To answer your question more broadly, I think we just need to agree to disagree. I don’t see anything in your reply that addresses the fact — sorry man, it’s a fact — that TOR’s actual text never discusses how to adjudicate failure consequences. It’s just not in there. In fact I will repeat the entirety of the RAW right here:
If the acting player fails his roll, he doesn’t accomplish his objective. When this happens, the Loremaster narrates the consequences of the missed task. This usually follows intuitively from what the player was trying to do.
First graf comment: “this usually follows intuitively” to me is a signal that this is a fiction-first failure: if you failed to sing a song that rallies your friends, then your friends aren’t rallied; if you failed a Lore test about what lives inside Mirkwood, then you misremembered.
Whatever the case, the Loremaster must make sure that the task as a definite impact and produces consequences that cannot be ignored.
Second graf comment: Marvelous! Yes, good, no whiffy failures. Everything has “a consequence.” But based on my first graf reading, close reading to me says “make sure it appears in the fiction” and a broader, more charitable reading might maybe fold mechanical consequences into that. But it’s not actually there. I have to guess that it’s there, and Tales seems to imply that that’s okay.

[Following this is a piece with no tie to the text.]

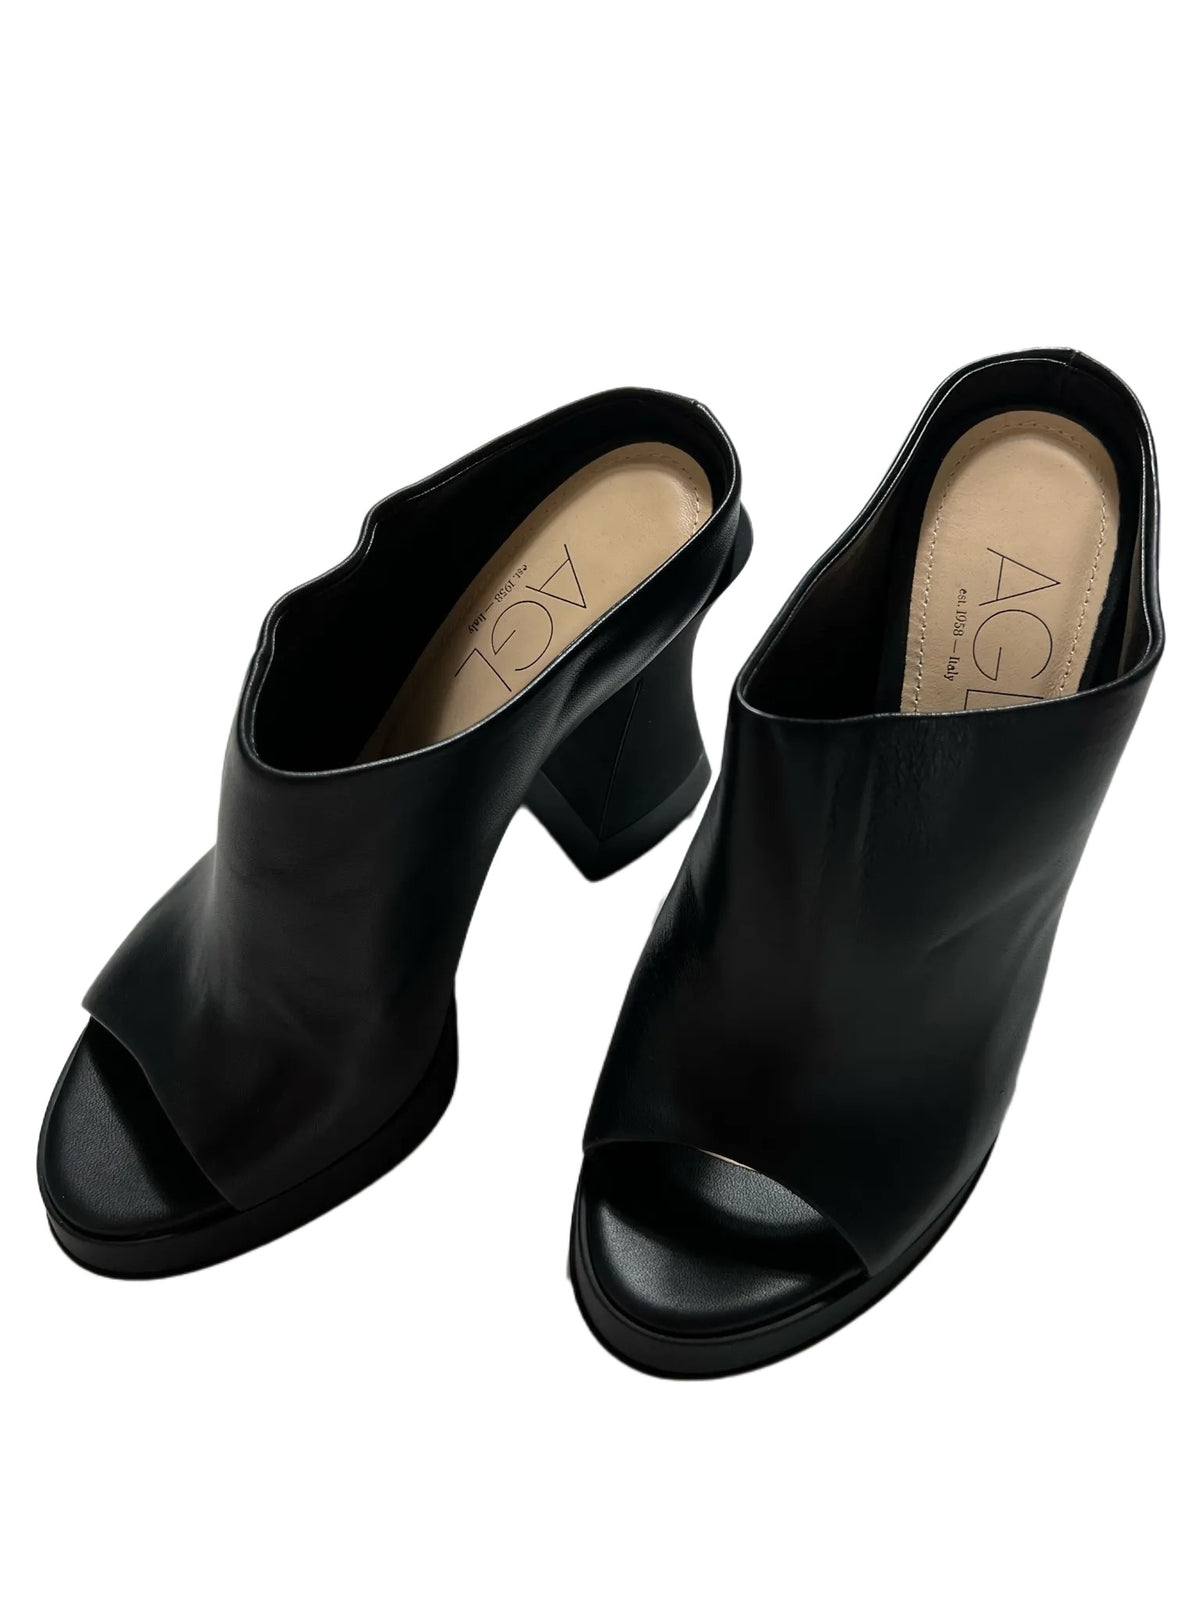 AGL- Black Open Toe Heels
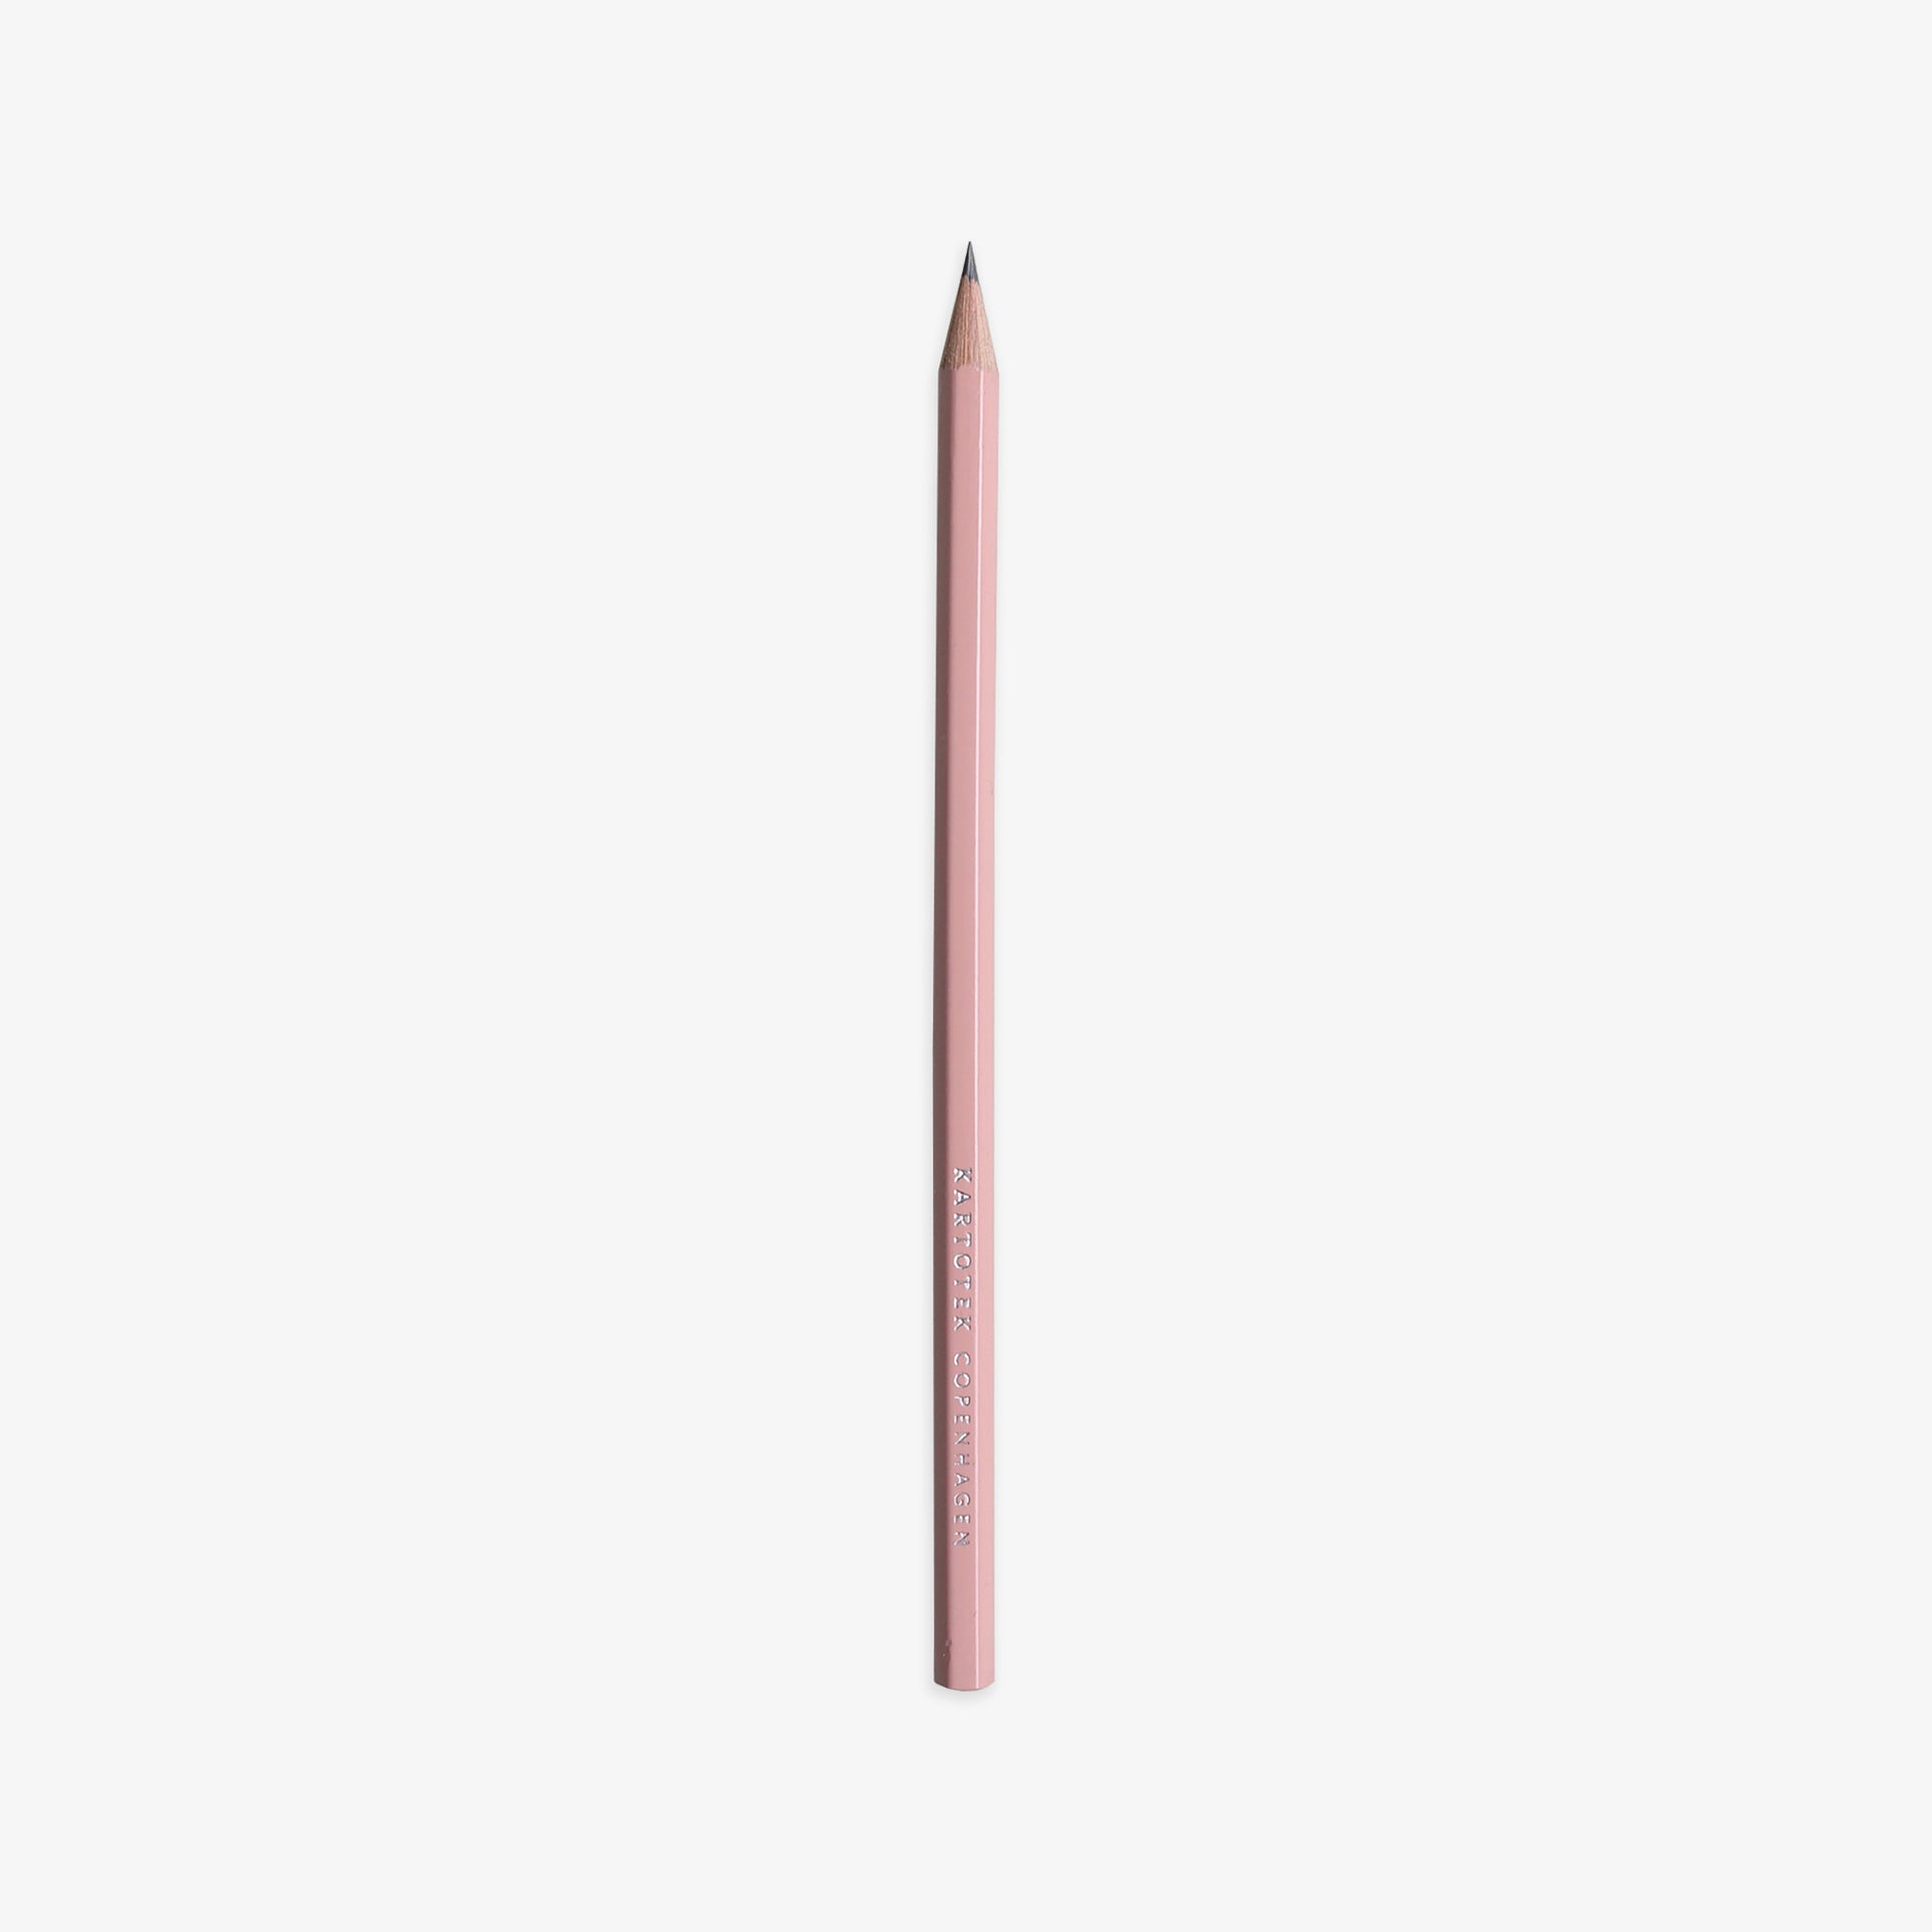 Lyserød blyant i cedertræ fra Kartotek, 20 kr.

Also, I’m not seeing in TOR Rev that the Hazards table is “a suggestion.” Page 160 says roll and apply the consequences. They’re explicitly not suggestions, although maybe they were in 1E? (The narration explaining the intersection of Role + Hazard, now those are “suggestions.”)
All this said, I think I’ve got a workable solution for my own game and I don’t need to keep going down this rabbit hole. It’s pretty obvious to me what their intent is and where the writers are coming from.